Protein kinase B/Akt participates in GLUT4 translocation by insulin in L6 myoblasts

Qinghua Wang, Romel Somwar, Philip J. Bilan, Zhi Liu, Jing Jin, James R. Woodgett, Amira Klip*

*Corresponding author for this work

Research output: Contribution to journalArticlepeer-review

497 Scopus citations


L6 myoblasts stably transfected with a GLUT4 cDNA harboring an exofacial myc epitope tag (L6-GLUT4myc myoblasts) were used to study the role of protein kinase B alpha (PKBα)/Akt1 in the insulin-induced translocation of GLUT4 to the cell surface. Surface GLUT4myc was detected by immunofluorescent labeling of the myc epitope in nonpermeabilized cells. Insulin induced a marked translocation of GLUT4myc to the plasma membrane within 20 min. This was prevented by transient transfection of a dominant inhibitory construct of phosphatidylinositol (PI) 3-kinase (Δp85α).
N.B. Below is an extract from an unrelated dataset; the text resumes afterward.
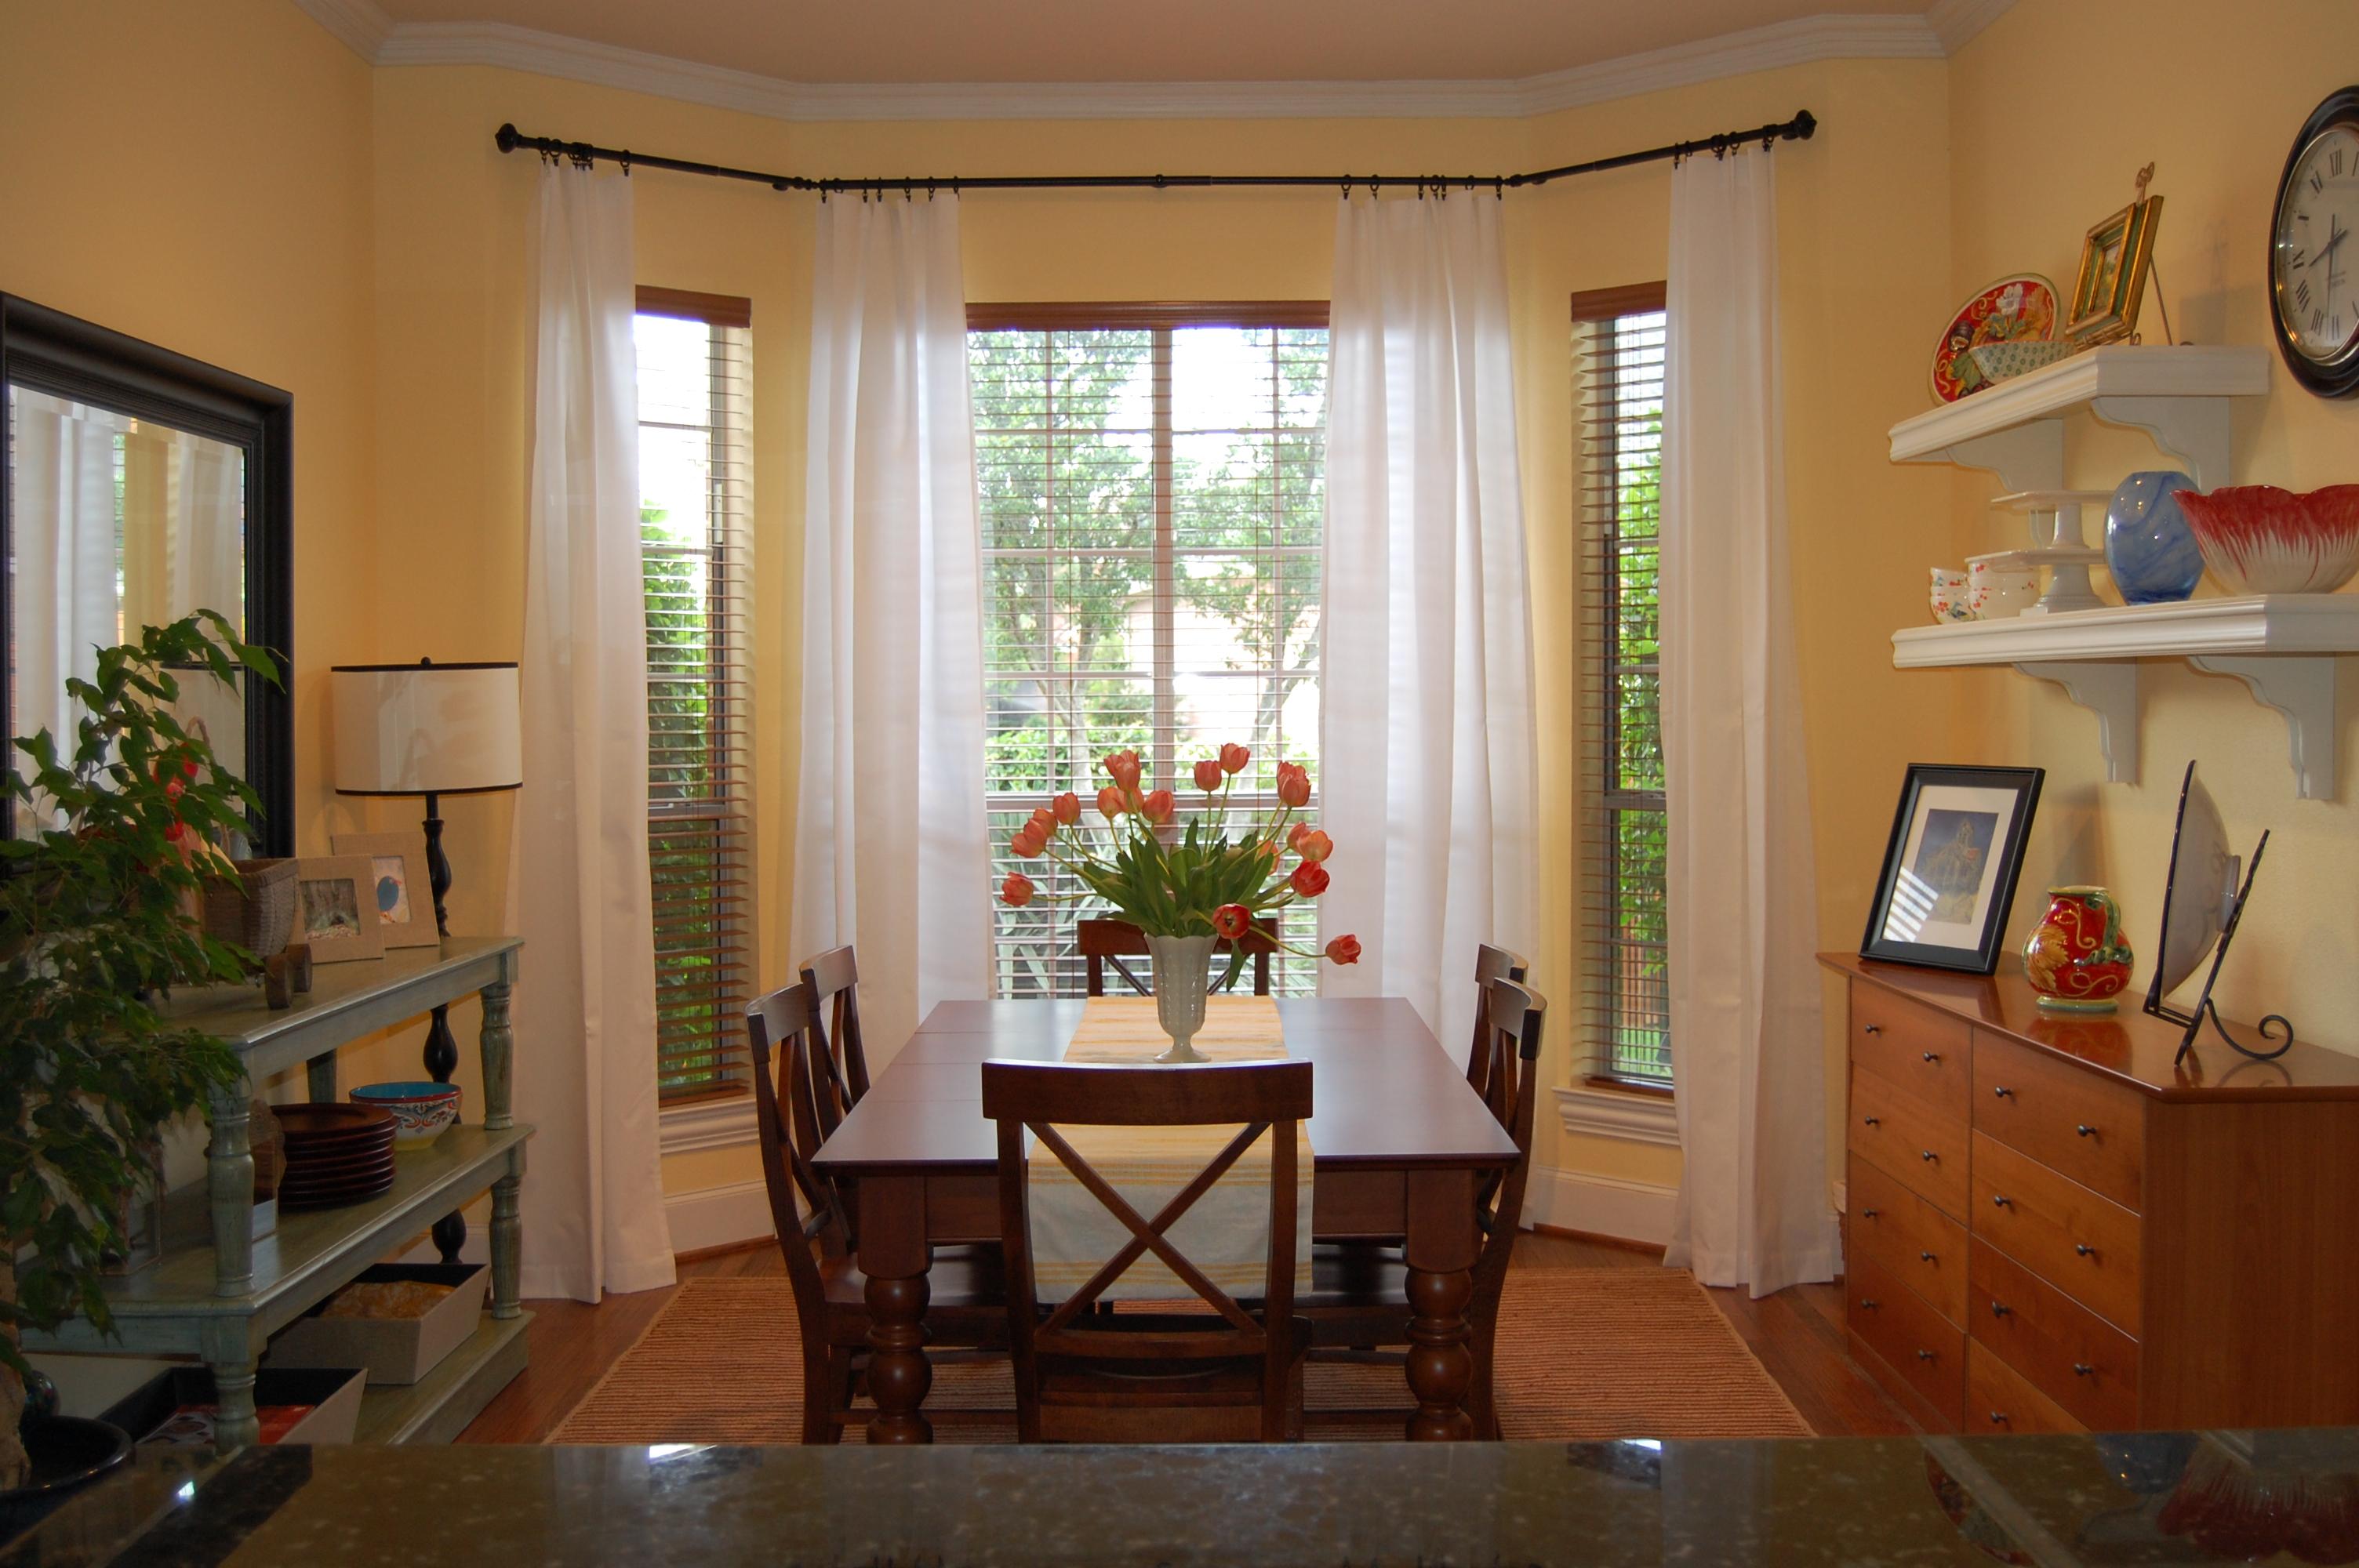 Window Treatments for Dining Room Ideas - HomesFeed on Dining Room Curtains Ideas  id=62474
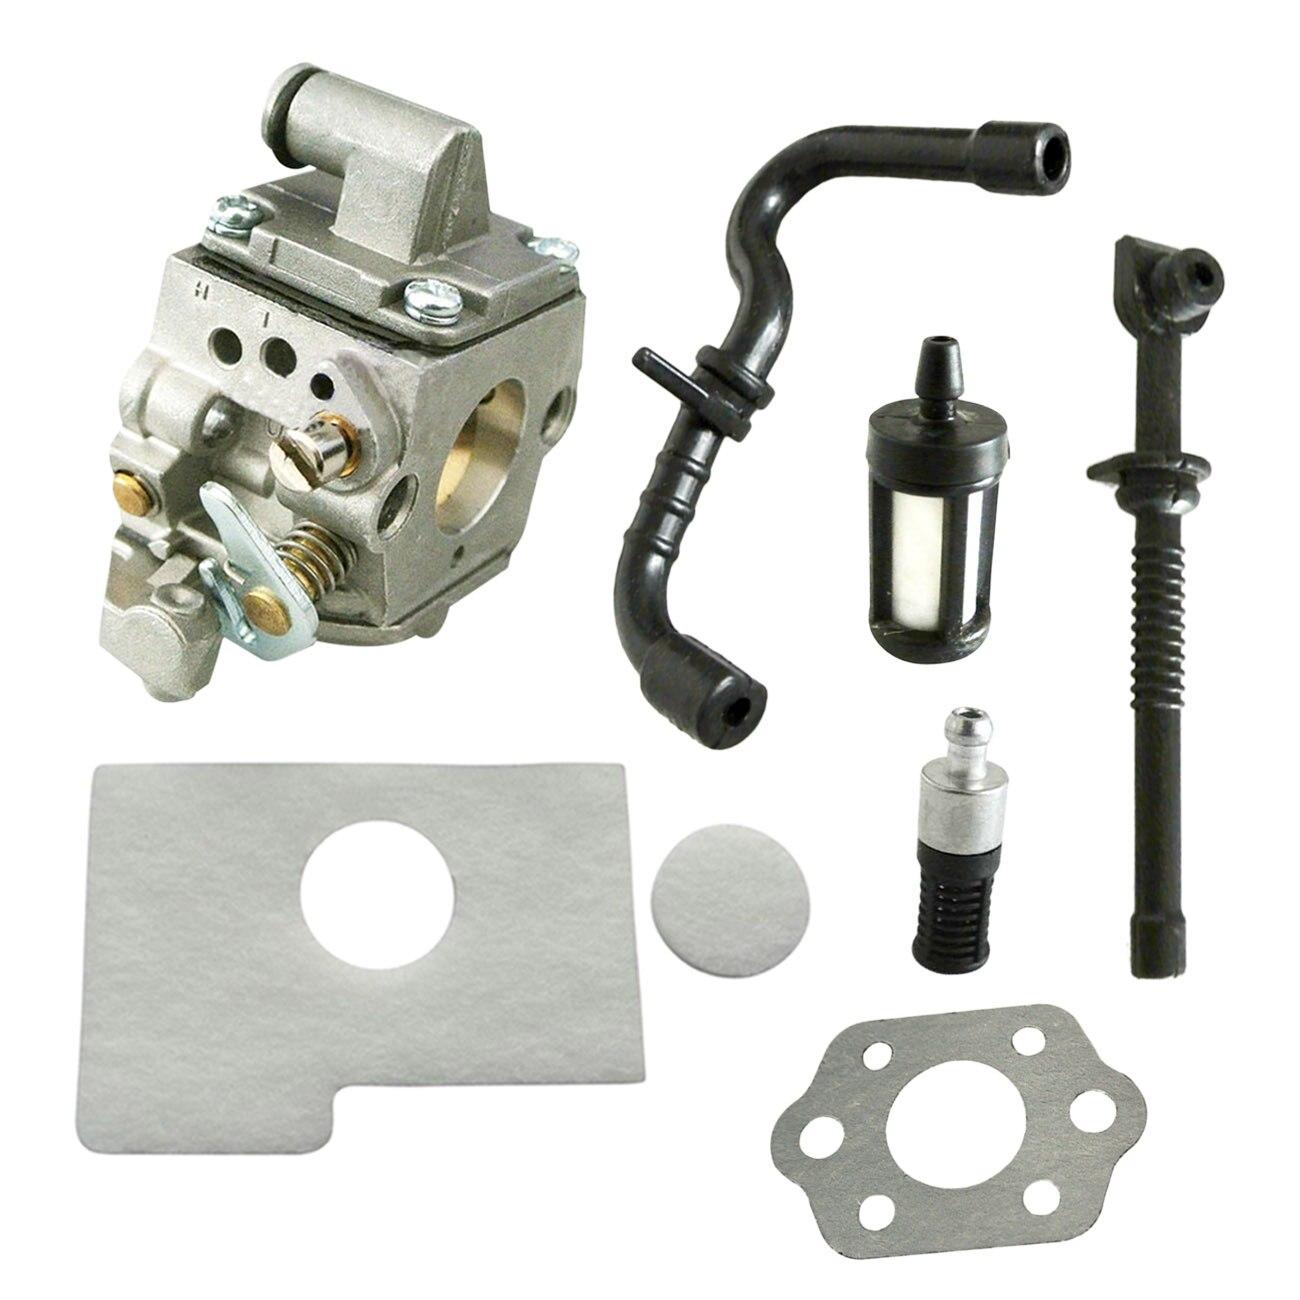 где купить Carburetor W/Gasket Air Filter Fuel Oil Filter Fuel Oil Pipe Spark Plug Kits For Stihl Chainsaw MS170 MS180 дешево

Transiently transfected cells were identified by cotransfection of green fluorescent protein. A constitutively active PKBα, created by fusion of a viral Gag protein at its N terminus (GagPKB), increased the cell surface density of GLUT4myc compared to that of neighboring nontransfected cells. A kinase-inactive, phosphorylation-deficient PKBα/Akt1 construct with the mutations K179A (substitution of alanine for the lysine at position 179), T308A, and S473A (AAA-PKB) behaved as a dominant-negative inhibitor of insulin-dependent activation of cotransfected wild-type hemagglutinin (HA)-tagged PKB. Furthermore, AAA-PKB markedly inhibited the insulin-induced phosphorylation of cotransfected BAD, demonstrating inhibition of the endogenous PKB/Akt. Under the same conditions, AAA-PKB almost entirely blocked the insulin- dependent increase in surface GLUT4myc. PKBα with alanine substitutions T308A and S473A (AA-PKB) or K179A (A-PKB) alone was a less potent inhibitor of insulin-dependent activation of wild-type HA-PKB or GLUT4myc translocation than was AAA-PKB. Cotransfection of AAA-PKB with a fourfold DNA excess of HA- PKB rescued insulin-stimulated GLUT4myc translocation. AAA-PKB did not prevent actin bundling (membrane ruffling), though this response was PI 3- kinase dependent. Therefore, it is unlikely that AAA-PKB acted by inhibiting PI 3-kinase signaling. These results outline an important role for PKBα/Akt1 in the stimulation of glucose transport by insulin in muscle cells in culture.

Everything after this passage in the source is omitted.